A new investigation has found that several widely used opioid treatment recovery apps are accessing and sharing sensitive user data with third parties.
As a result of the COVID-19 pandemic and efforts to reduce transmission in the U.S, telehealth services and apps offering opioid addiction treatment have surged in popularity. This rise of app-based services comes as addiction treatment facilities face budget cuts and closures, which has seen both investor and government interest turn to telehealth as a tool to combat the growing addiction crisis.
While people accessing these services may have a reasonable expectation of privacy of their healthcare data, a new report from ExpressVPN’s Digital Security Lab, compiled in conjunction with the Opioid Policy Institute and the Defensive Lab Agency, found that some of these apps collect and share sensitive information with third parties, raising questions about their privacy and security practices.
The report studied 10 opioid treatment apps available on Android: Bicycle Health, Boulder Care, Confidant Health. DynamiCare Health, Kaden Health, Loosid, Pear Reset-O, PursueCare, Sober Grid, and Workit Health. These apps have been installed at least 180,000 times and have received more than $300 million in funding from investment groups and the federal government.
Despite the vast reach and sensitive nature of these services, the research found that the majority of the apps accessed unique identifiers about the user’s device and, in some cases, shared that data with third parties.
Of the 10 apps studied, seven access the Android Advertising ID (AAID), a user-generated identifier linked to other information to provide insights into identifiable individuals. Five of the apps also access the devices’ phone number; three access the device’s unique IMEI and IMSI numbers, which can also be used to uniquely identify a person’s device; and two access a users’ list of installed apps, which the researchers say can be used to build a “fingerprint” of a user to track their activities.
Many of the apps examined are also obtaining location information in some form, which, when correlated with these unique identifiers, strengthens the capability for surveilling an individual person and their daily habits, behaviors, and who they interact with. One of the apps’ methods is through Bluetooth; seven of the apps request permission to make Bluetooth connections, which the researchers say is particularly worrying because this can be used to track users in real-world locations.

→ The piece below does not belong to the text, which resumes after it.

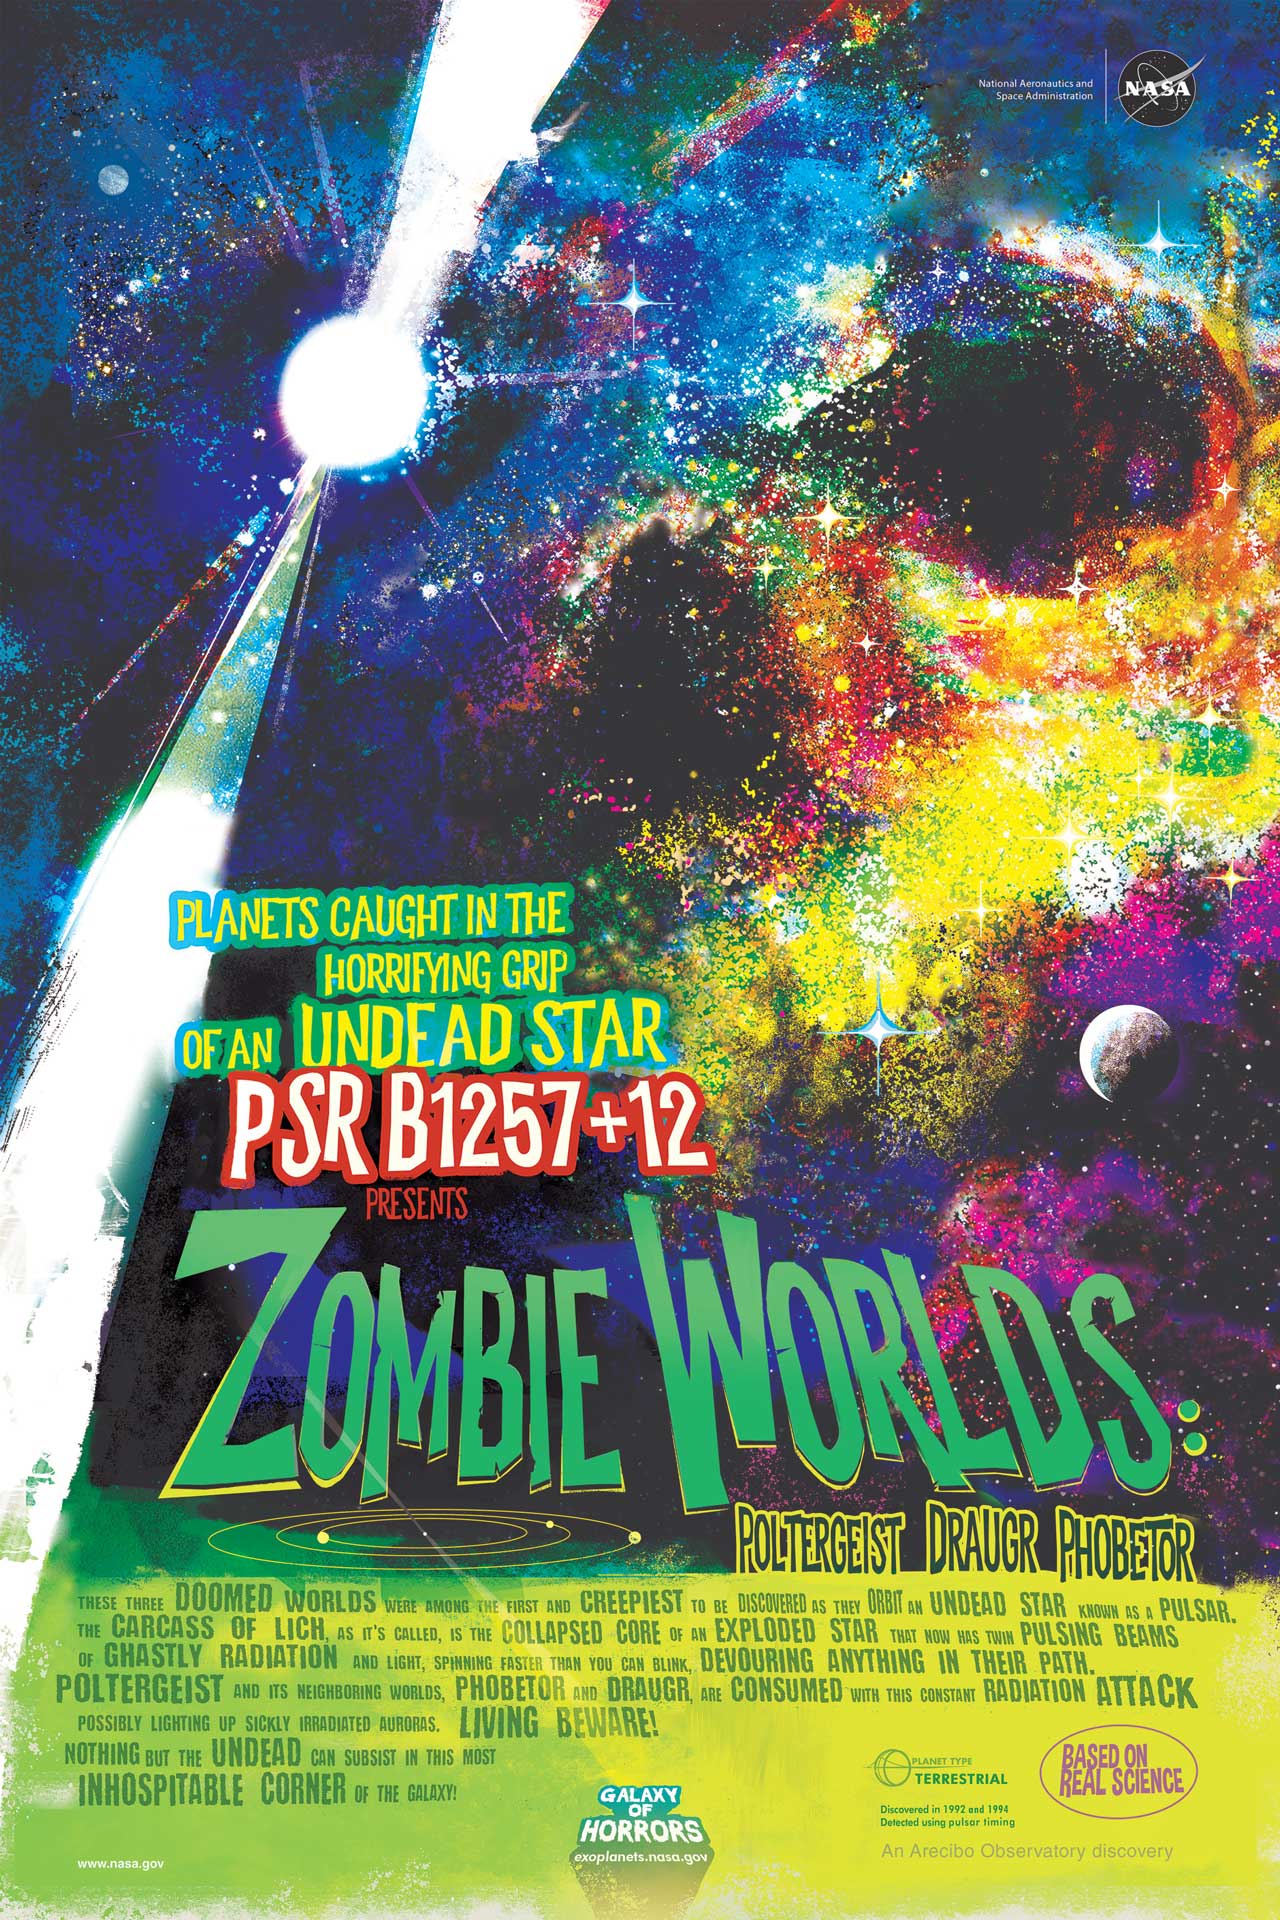 Zombie Worlds – "Galaxy of Horrors" poster (English)

“Bluetooth can do what I call proximity tracking, so if you’re in the grocery store, it knows how long you’re in a certain aisle, or how close you are to someone else,” Sean O’Brien, principal researcher at ExpressVPN’s Digital Security Lab who led the investigation, told TechCrunch. “Bluetooth is an area that I’m pretty concerned about.”
Another central area of concern is the use of tracker SDKs in these apps, which O’Brien previously warned about in a recent investigation that revealed that hundreds of Android apps were sending granular user location data to X-Mode, a data broker known to sell location data to U.S. military contractors, and now banned from both Apple and Google’s app stores. SDKs, or software development kits, are bundles of code included with apps to make them work properly, such as collecting location data. Often, SDKs are provided for free in exchange for sending back the data that the app’s cache.
“Confidentiality continues to be one of the major concerns that people cite for not entering treatment… existing privacy laws are totally not up to speed.”
While the researchers are keen to point out that it does not categorize all usage of trackers as malicious, exceptionally as many developers may not even be aware of their existence within their apps, they discovered a high prevalence of tracker SDKs in seven out of the 10 apps that revealed potential data-sharing activity. Some SDKs are explicitly designed to collect and aggregate user data, even where the SDK’s core functionality is concerned.
But the researchers explain that an app, which provides navigation to a recovery center, may also be tracking a user’s movements throughout the day and sending that data back to the app’s developers and third parties.